An exact copy is required of the lines running from the one that contains "MDR220215-9 0.38 CTW" to the end of the material, both ends included, with pictures omitted.

**Data shown:**
=== Begin Enclosure ===
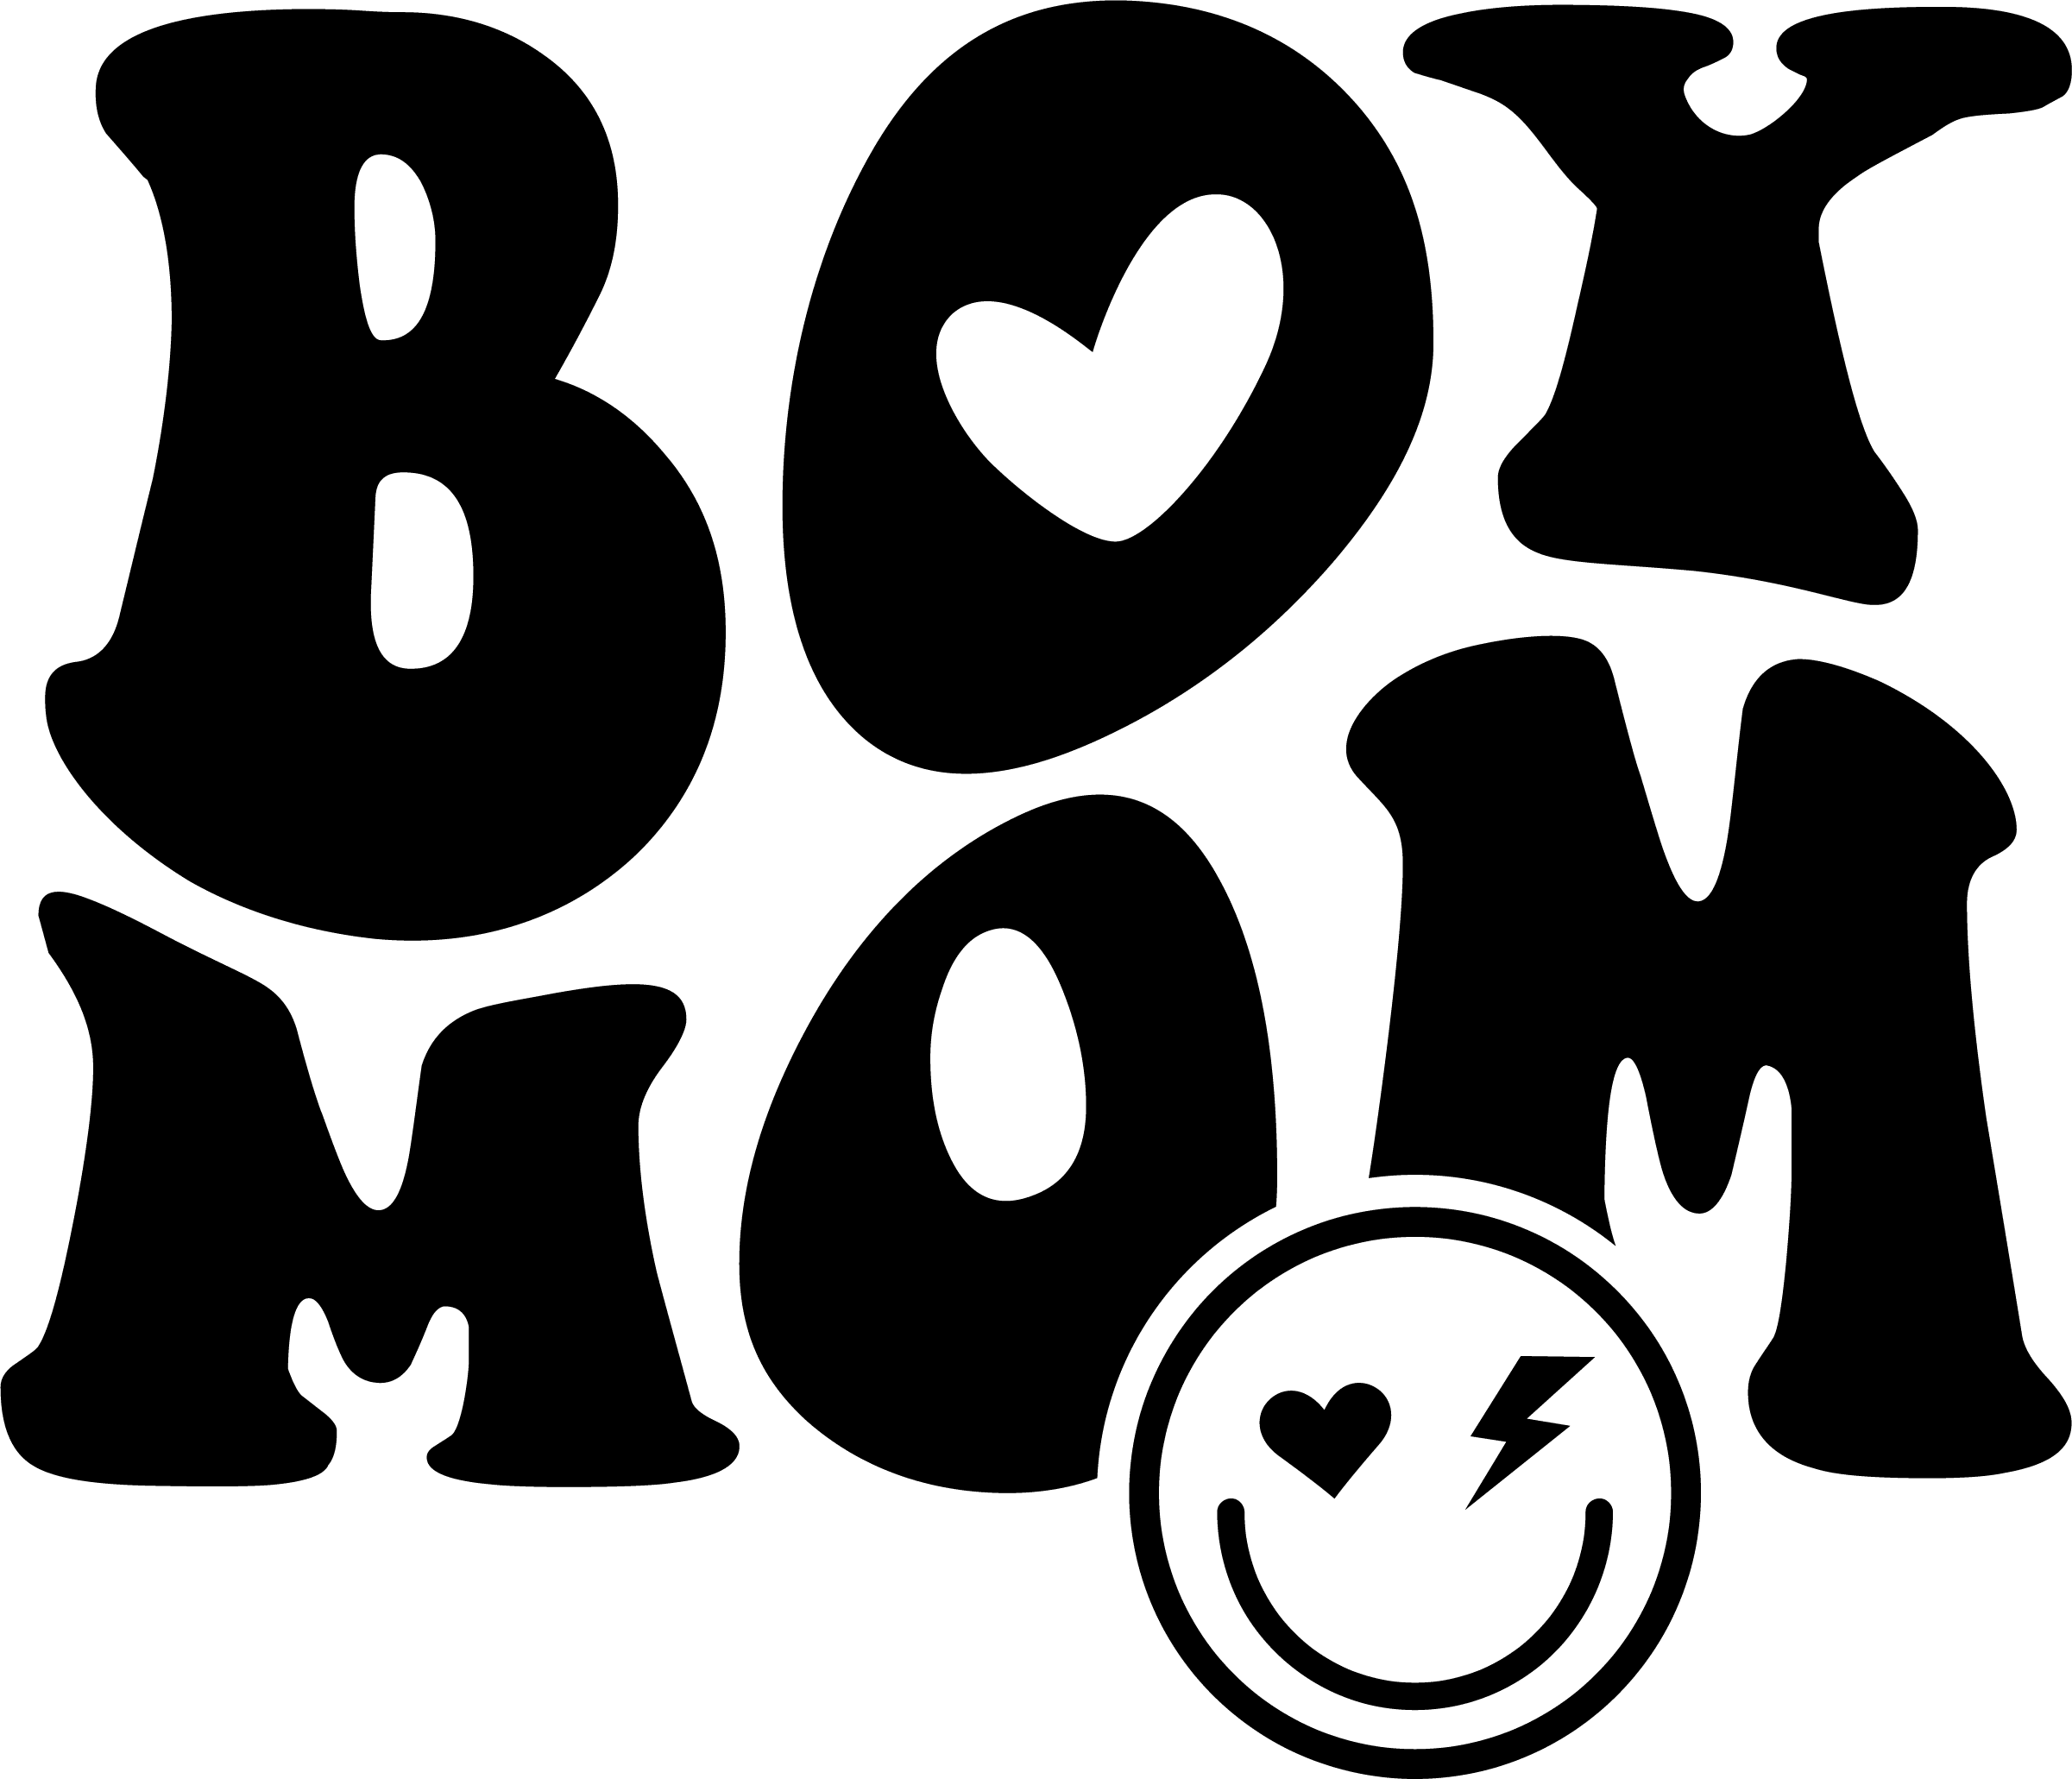 Boy Mom Mother's Day Graphic Tee - VirtuousWares:Global
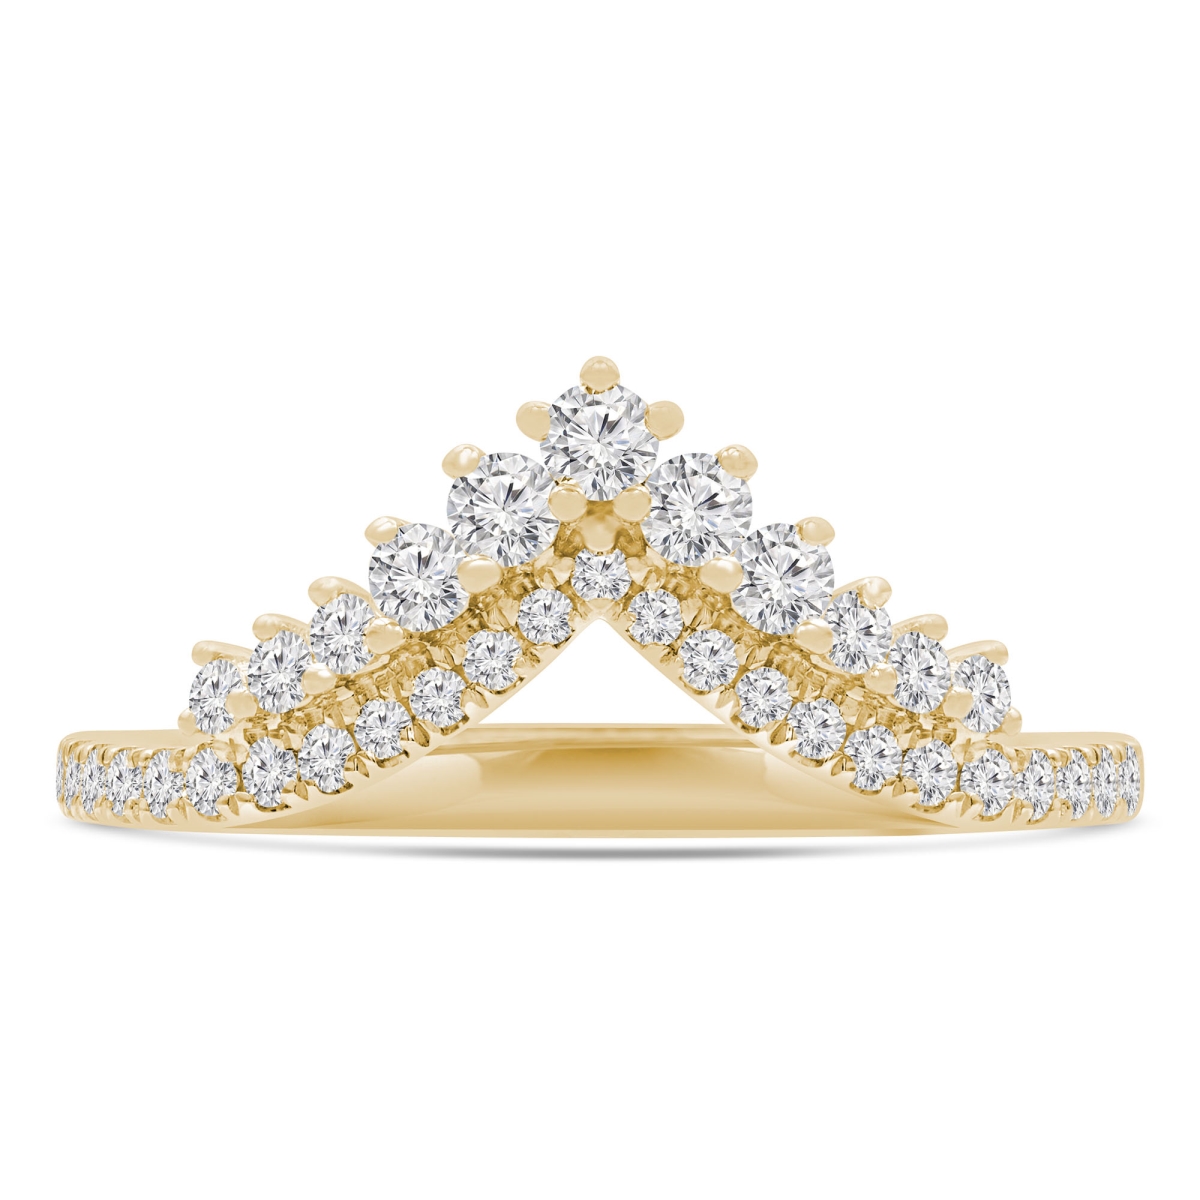 MDR220215-9 0.38 CTW Round Diamond Two-Row Tiara Shared Prong Semi-Eternity Anniversary Wedding Band Ring in 14K Yellow Gold - Size 9 -  Majesty Diamonds
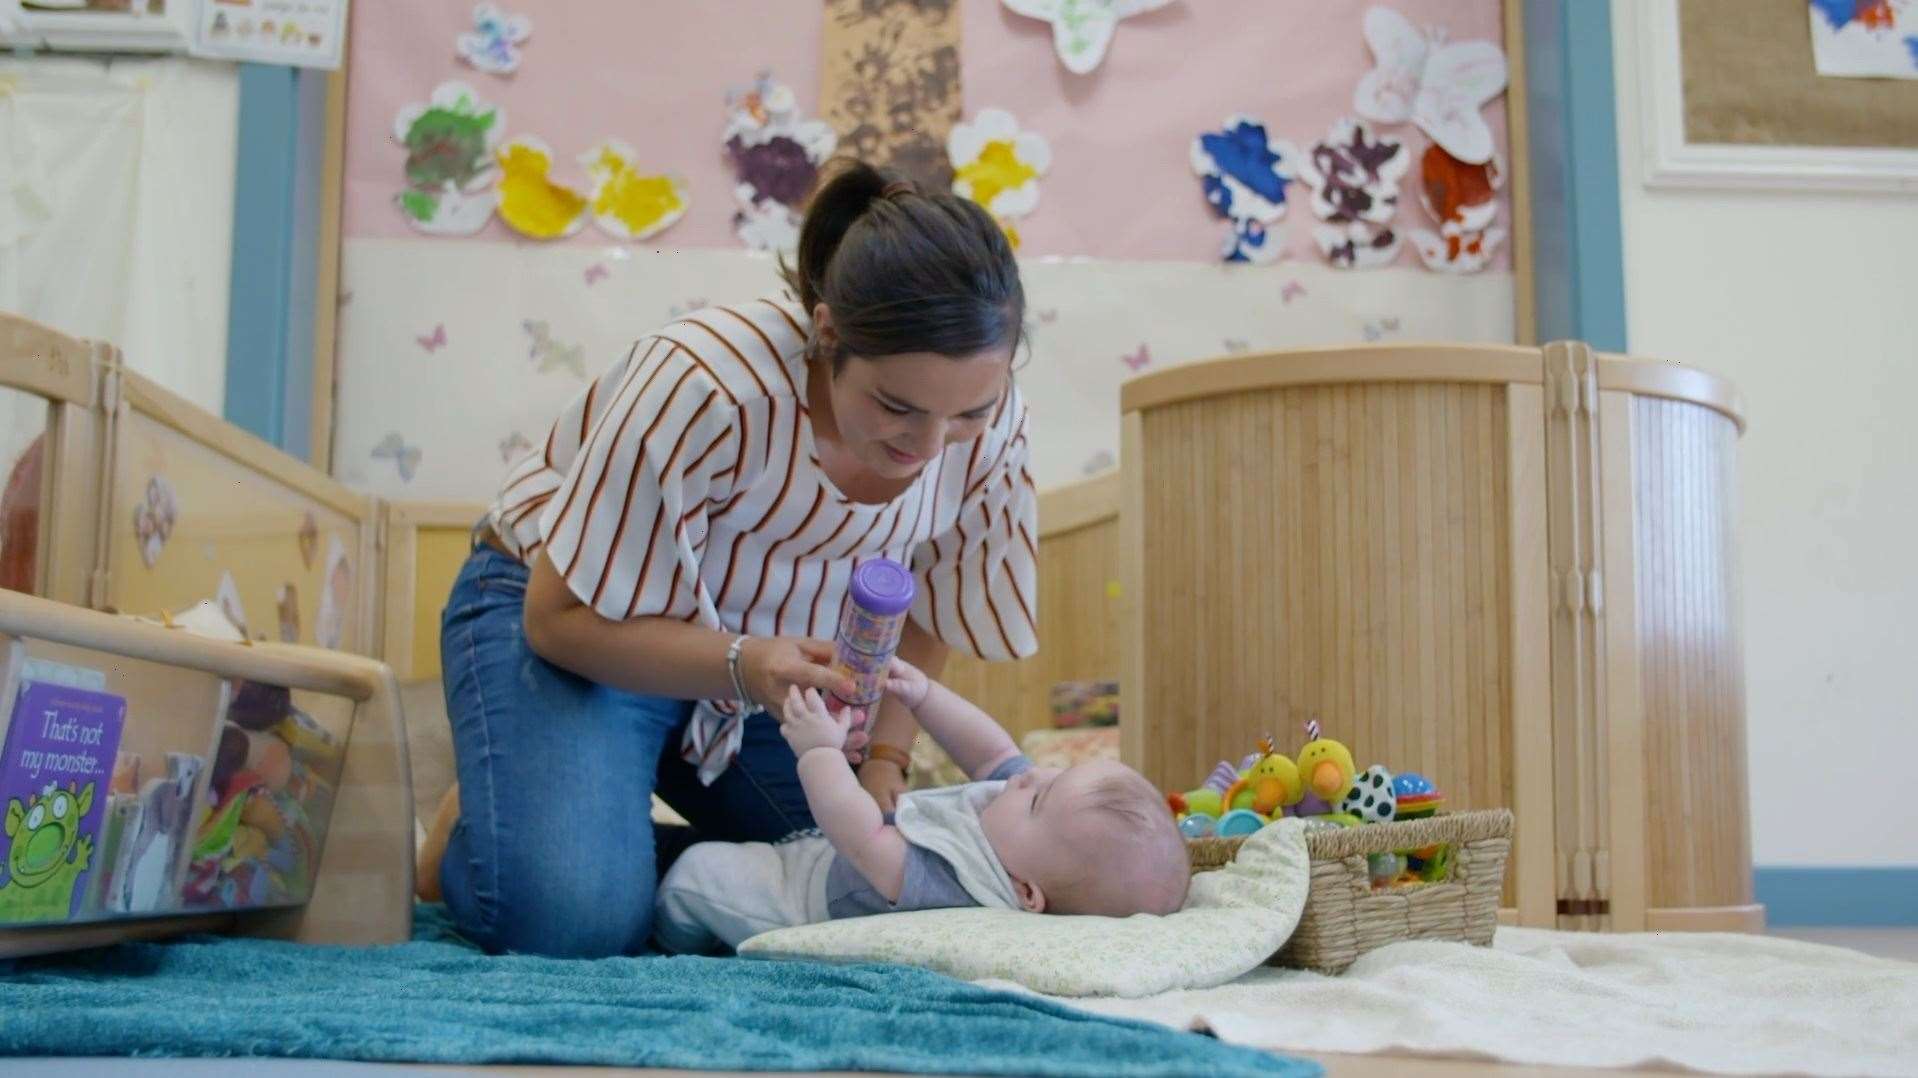 The Science of Making Babies airs tonight at 7.45pm
=== End Enclosure ===
**Answer to this exercise:**
 MDR220215-9 0.38 CTW Round Diamond Two-Row Tiara Shared Prong Semi-Eternity Anniversary Wedding Band Ring in 14K Yellow Gold - Size 9 -  Majesty Diamonds
 The Science of Making Babies airs tonight at 7.45pm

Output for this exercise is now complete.